Collectable card game

The City of Heroes Collectible Card Game is an out-of-print trading card game based on the discontinued NCSoft MMORPG, City of Heroes. The card game was designed by David Williams, the designer responsible for other games such as Legend of the Five Rings. The initial product release from Alderac Entertainment Group was in January 2006. The City of Heroes CCG was discontinued in February 2007 as it "did not reach critical mass" according to AEG CEO John Zinser.

==Gameplay summary==
Players took on the role of superheroes, testing themselves against other superheroes in the arena of Paragon City. Players took turns performing a single action, until only one hero remained standing; that player was the winner.

Players could take the following actions:

- Power Up - Put a new Power, Enhancement, or Sidekick into play.
- Act - Use an action from an Edge card held in the hand, or from existing cards in play.
- Move - Move from close quarters combat to distance combat, or vice versa.
- Assemble - Call for help by searching the deck for a Sidekick, revealing that card to the opponent, and then putting it into the hand.
- Recharge - Gather strength by moving non-ready Powers one step closer to again being ready.
- Mission - Reveal a threat to the city by playing a Mission card.
- Rest - Draw two cards to replenish one's hand, while taking no further action.

The core gameplay revolved around using powers to damage opponents, while simultaneously positioning oneself favorably (by adding or upgrading powers and activating defensive powers). Because powers had to be recharged before they can be used again, it was possible to get into a state where a number of turns had to be spent simply getting back into a position from which one can again attack.

==Card types==
The cards in the City of Heroes Collectible Card Game could be broken up into the following types:

- Heroes - The actual superhero himself (or herself). These cards define starting powers as well as other attributes (e.g. travel method, such as flight).
- Powers - The super powers which set the hero apart from others.

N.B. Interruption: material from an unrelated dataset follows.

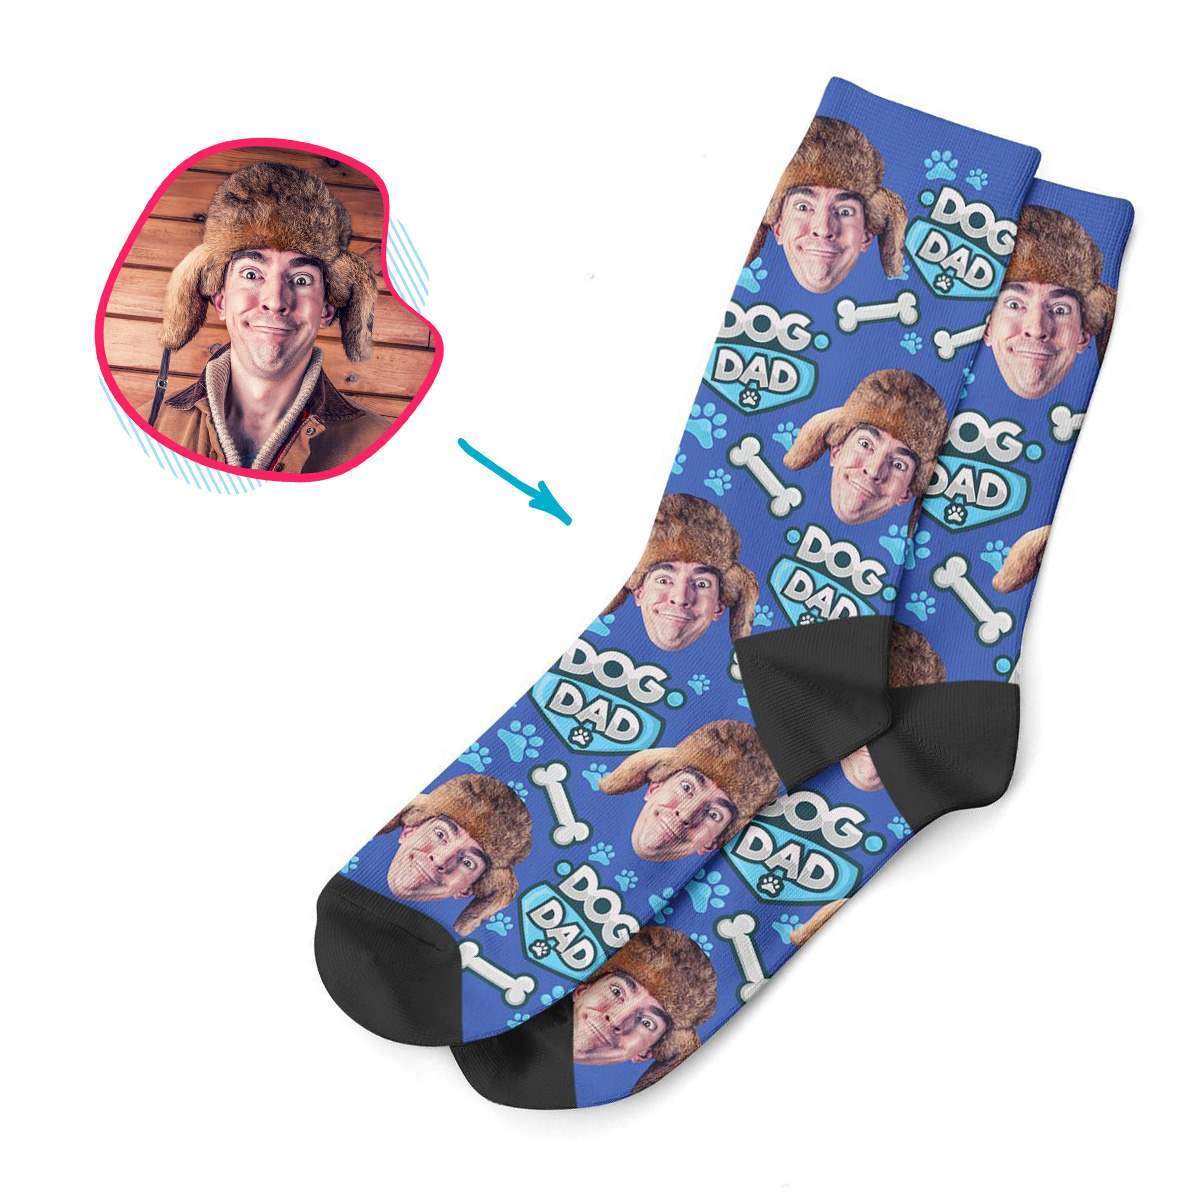 darkblue Dog Dad socks personalized with photo of face printed on them
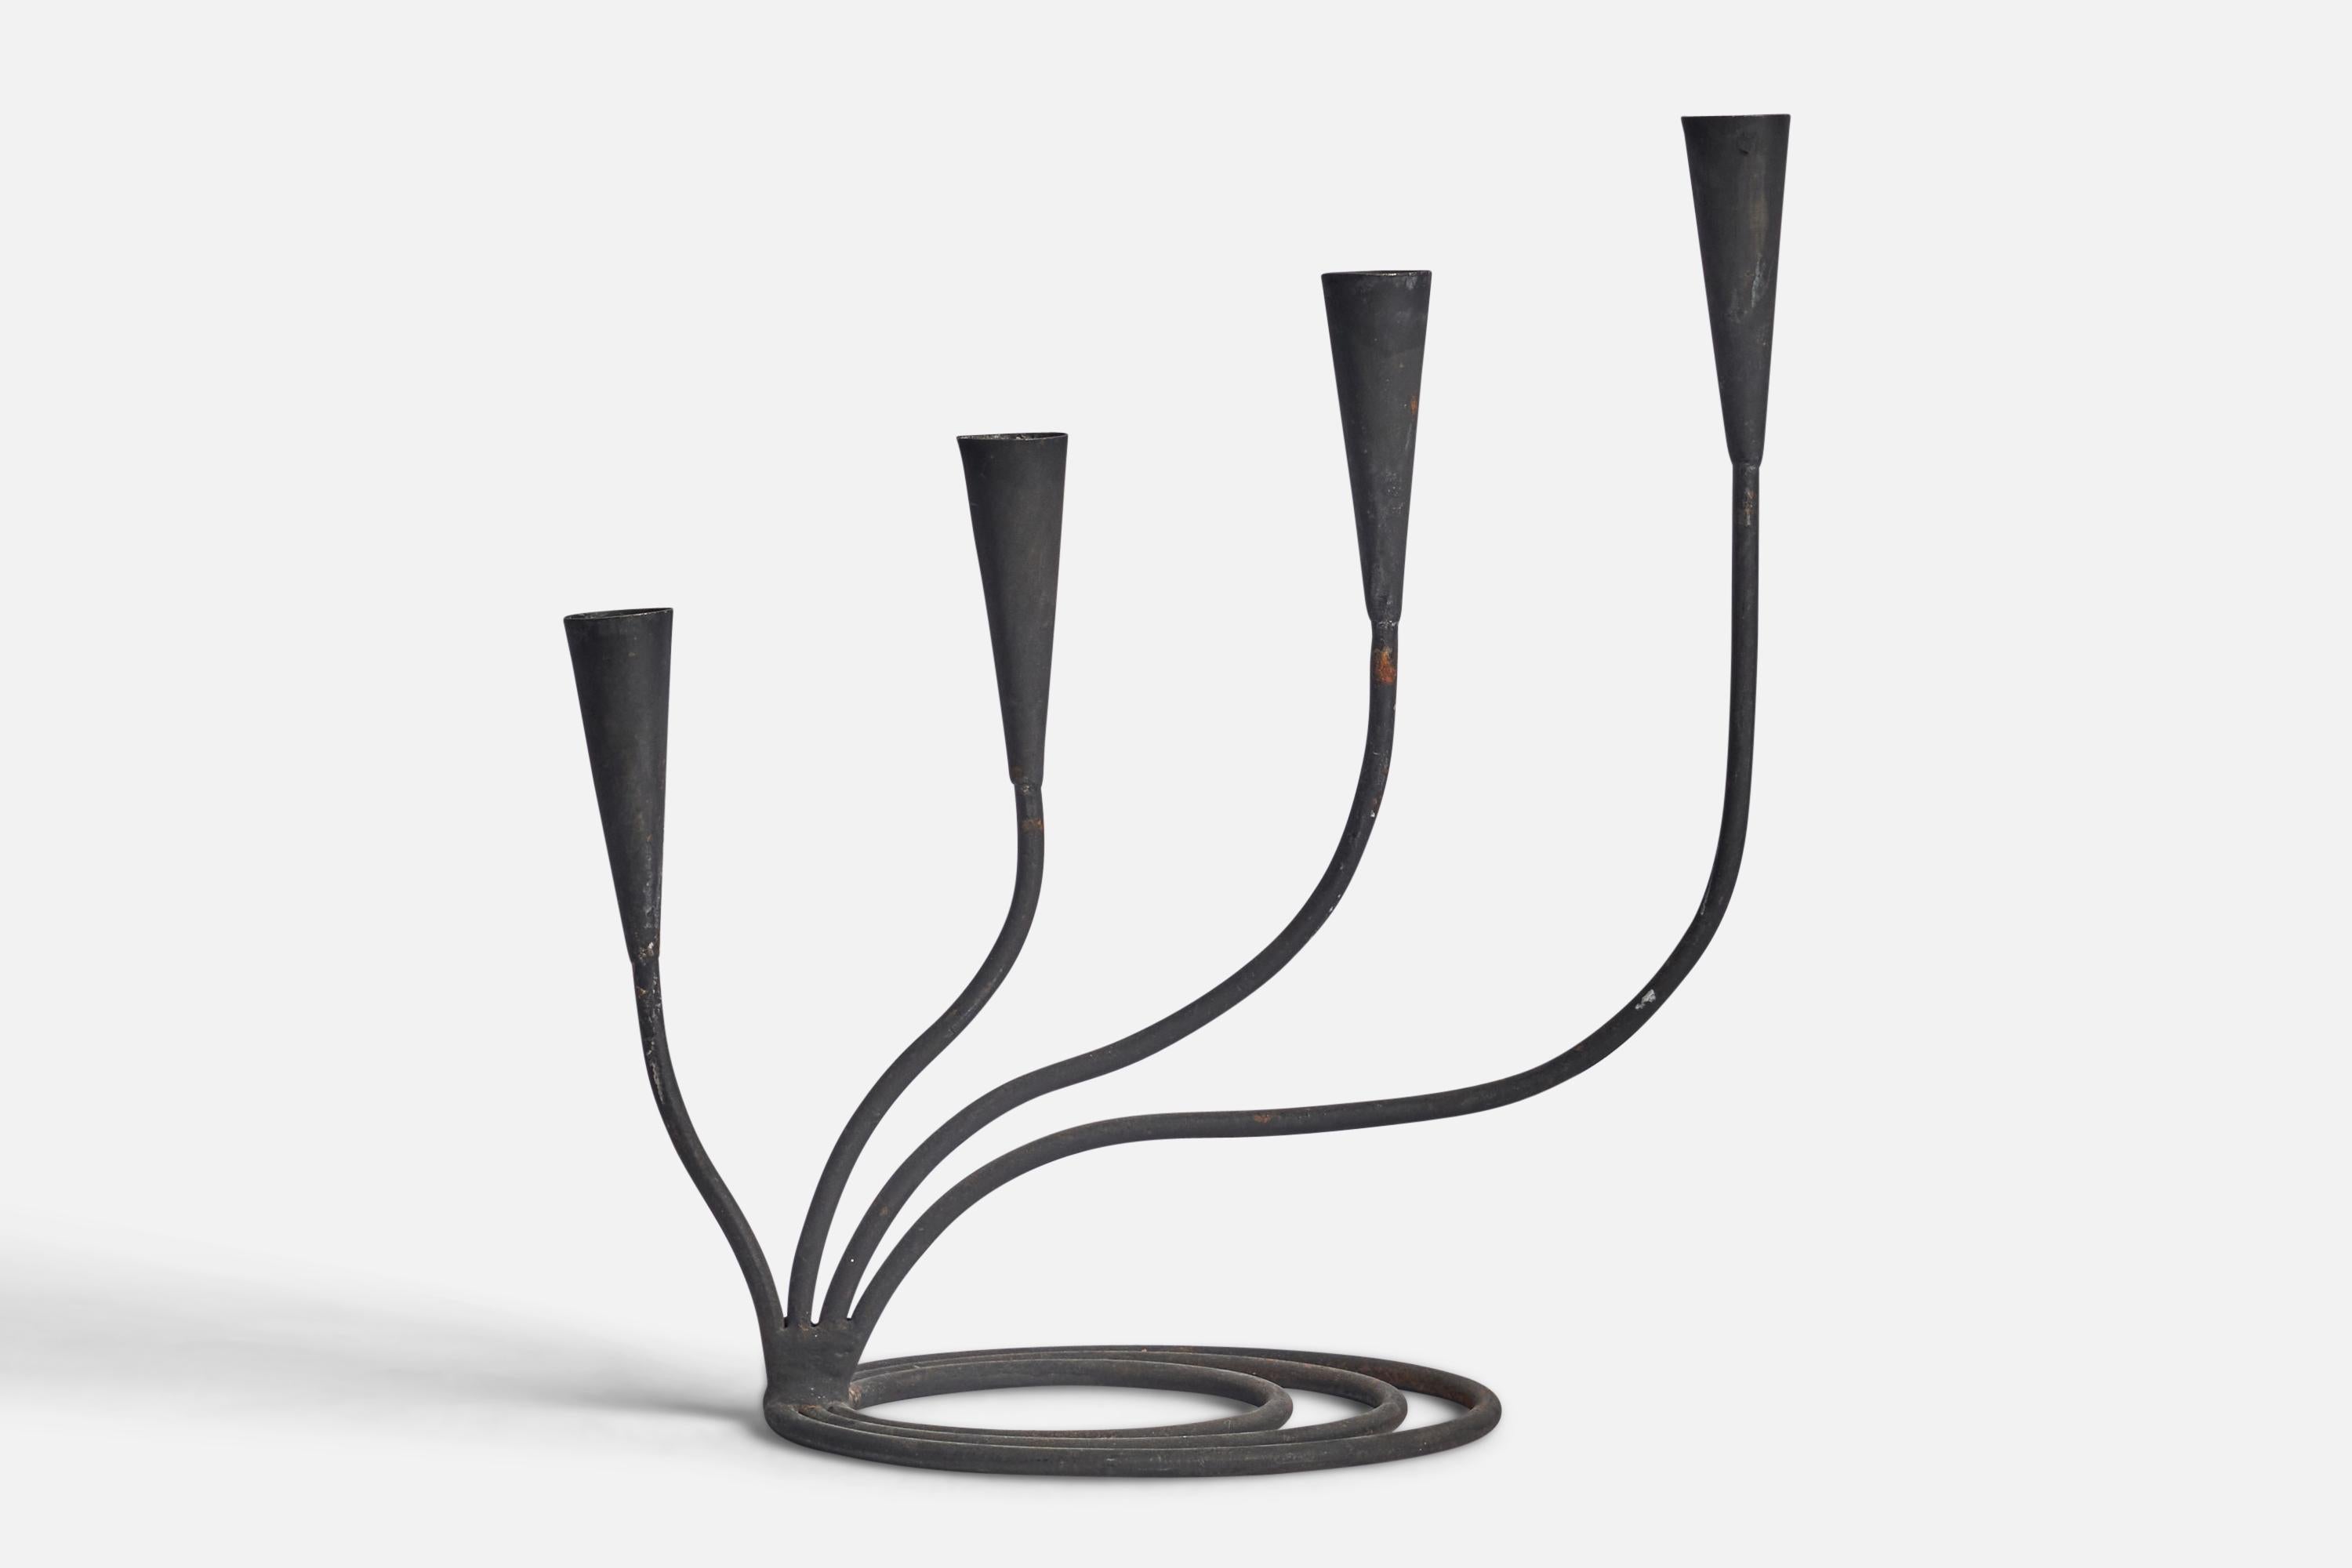 A black-painted iron candelabra designed and produced in Sweden, c. 1940s.

Fits 0.8” diameter candles

Powers can be used to attack opponents or protect oneself.
- Enhancements - Enhances existing powers, focusing them in some unique way (for example, causing them to do more damage).
- Edges - Gaining the edge or the upper hand, these cards allow a one-time effect to occur.
- Sidekicks - Junior superheroes, able to assist as needed. Sidekicks do not enter play with any powers, but can gain them during the course of the game.
- Missions - A threat or villain terrorizing Paragon City. Such cards have a negative impact on all superheroes until defeated, at which time they turn into rewards.

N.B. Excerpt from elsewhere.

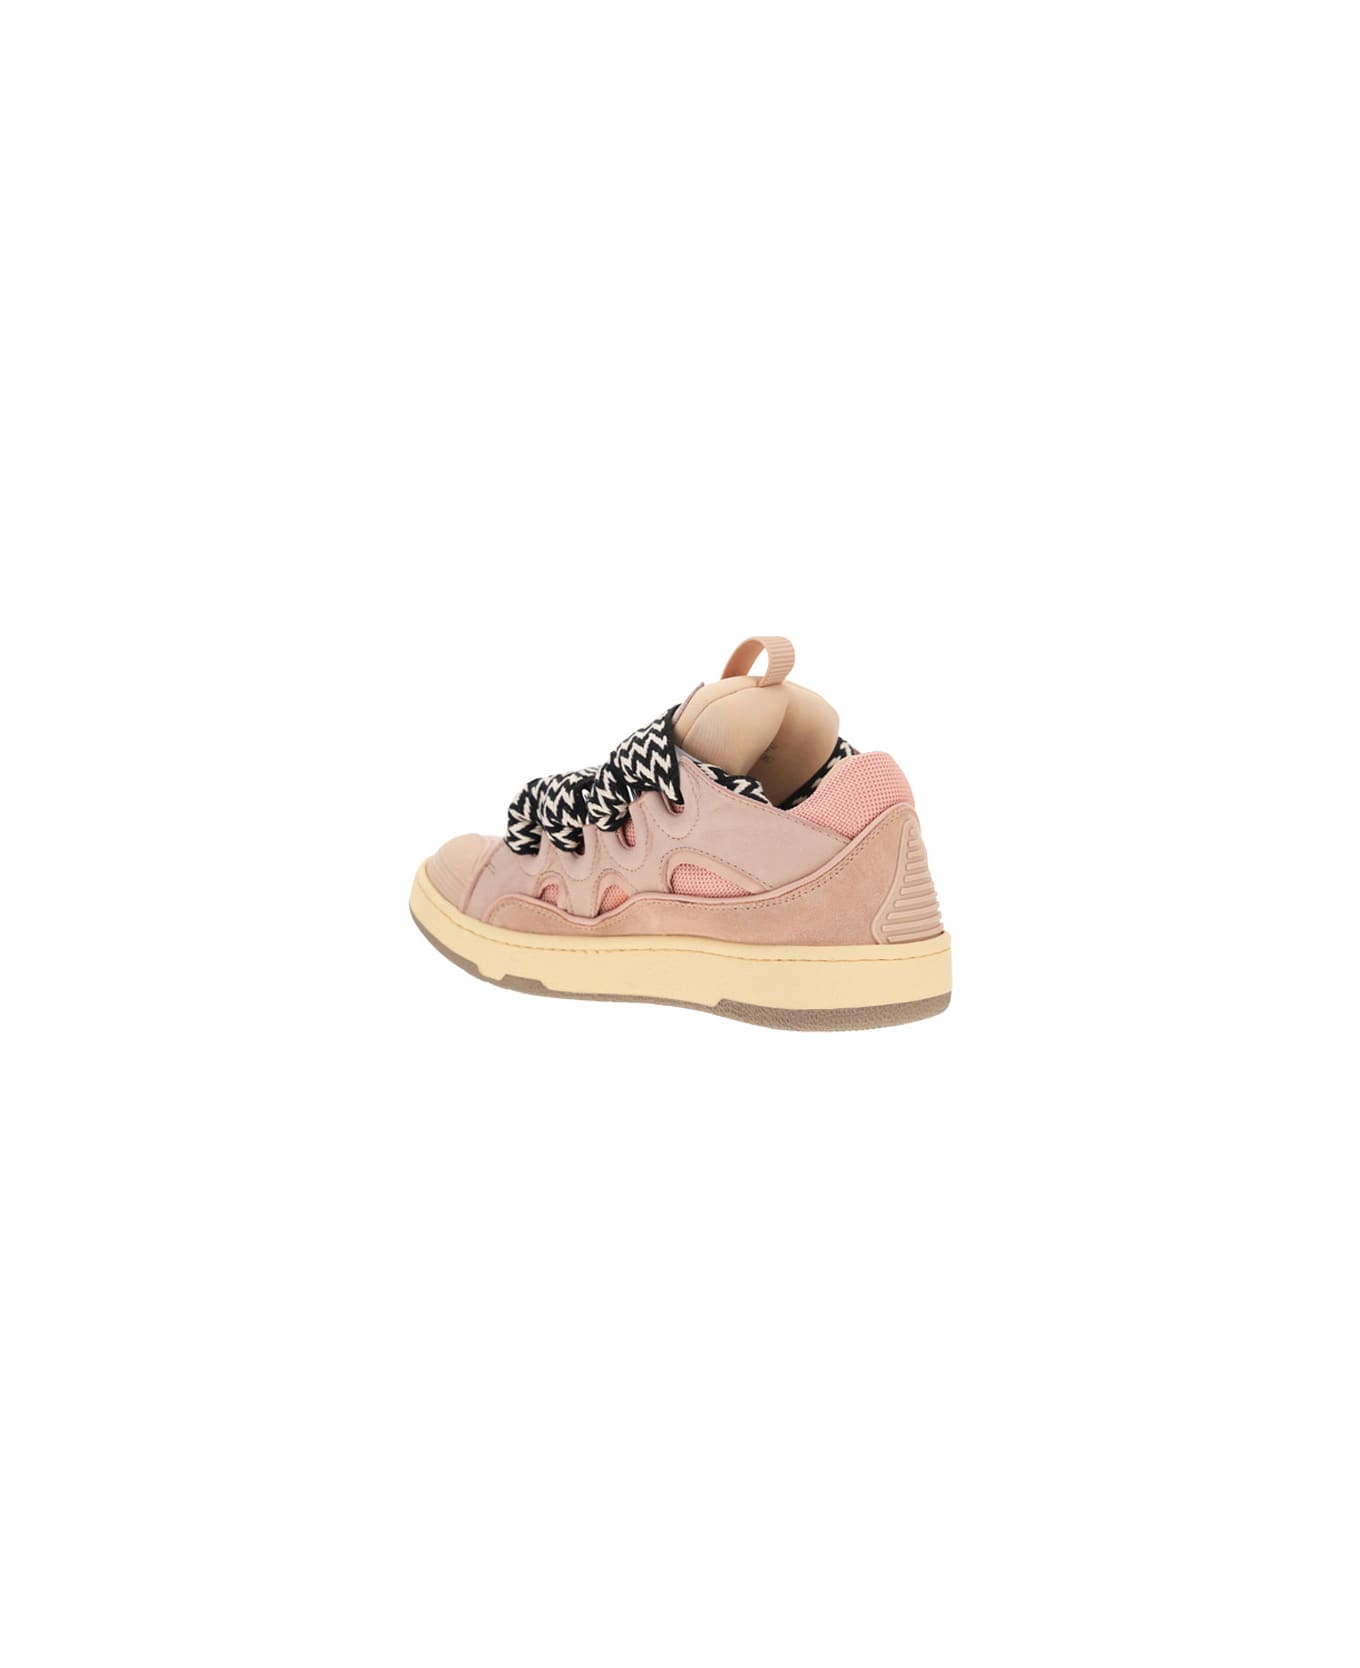 Lanvin Curb Sneakers In Pink Leather - Pale Pink スニーカー

Cards also featured small inspiration icons in the bottom corner. These icons represented a fixed minor effect which could be utilized by discarding the card, instead of playing it normally. Because the game had no draw phase, this mechanism had to be used with care to avoid exhausting one's hand.

==Hero types==
Heroes were split up into five different categories or archetypes. These archetypes defined the types of powers that a hero would have and hence how a deck would be constructed. The following types of heroes existed:

- Blasters - High-offense heroes adorned with long-range powers. Capable of inflicting great damage, they often lack defense.
- Controllers - Manipulative heroes with the ability to distract or confuse their opponents.
- Defenders - Adept at helping and boosting the powers of others, Defenders can also use their powers to assist themselves.
- Scrappers - Masters of mêlée combat, these heroes are used to getting in close and fighting hand-to-hand.
- Tankers - The toughest of heroes, capable of withstanding incredible damage.

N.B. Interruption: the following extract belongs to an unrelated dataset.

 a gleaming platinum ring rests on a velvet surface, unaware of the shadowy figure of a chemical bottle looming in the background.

The game also allowed one to make use of a "Build your own hero card" mechanism, provided by the official website. One filled out a form, picked appropriate powers and selections, and then uploaded an image. The data was then processed into a PDF file which could be printed out and used in official play (including in tournaments). This was not considered exploitable because all heroes created using this system were presumed to be balanced appropriately.

==Products and availability==
The City of Heroes: Arena base card set consisted of 324 unique cards. Of these, 99 were only available as part of a battle pack, 75 were common, 75 were uncommon, and 75 were rare. The following products were available for purchase:

City of Heroes Collectible Card Game Products
| Product | Cards | Notes and other comments |
|---|---|---|
| Battle box | 145 | Includes 4 battle packs and 4 booster packs |
| Battle pack | 25 | Features a hero and his or her special powers |
| Booster pack | 11 | 7 commons, 3 uncommons, 1 rare |

The first expansion set, Secret Origins, was released in August 2006. It introduced 22 new heroes, 10 new powersets, and a new winning condition. This set was available as booster packs and as battle packs containing the new heroes.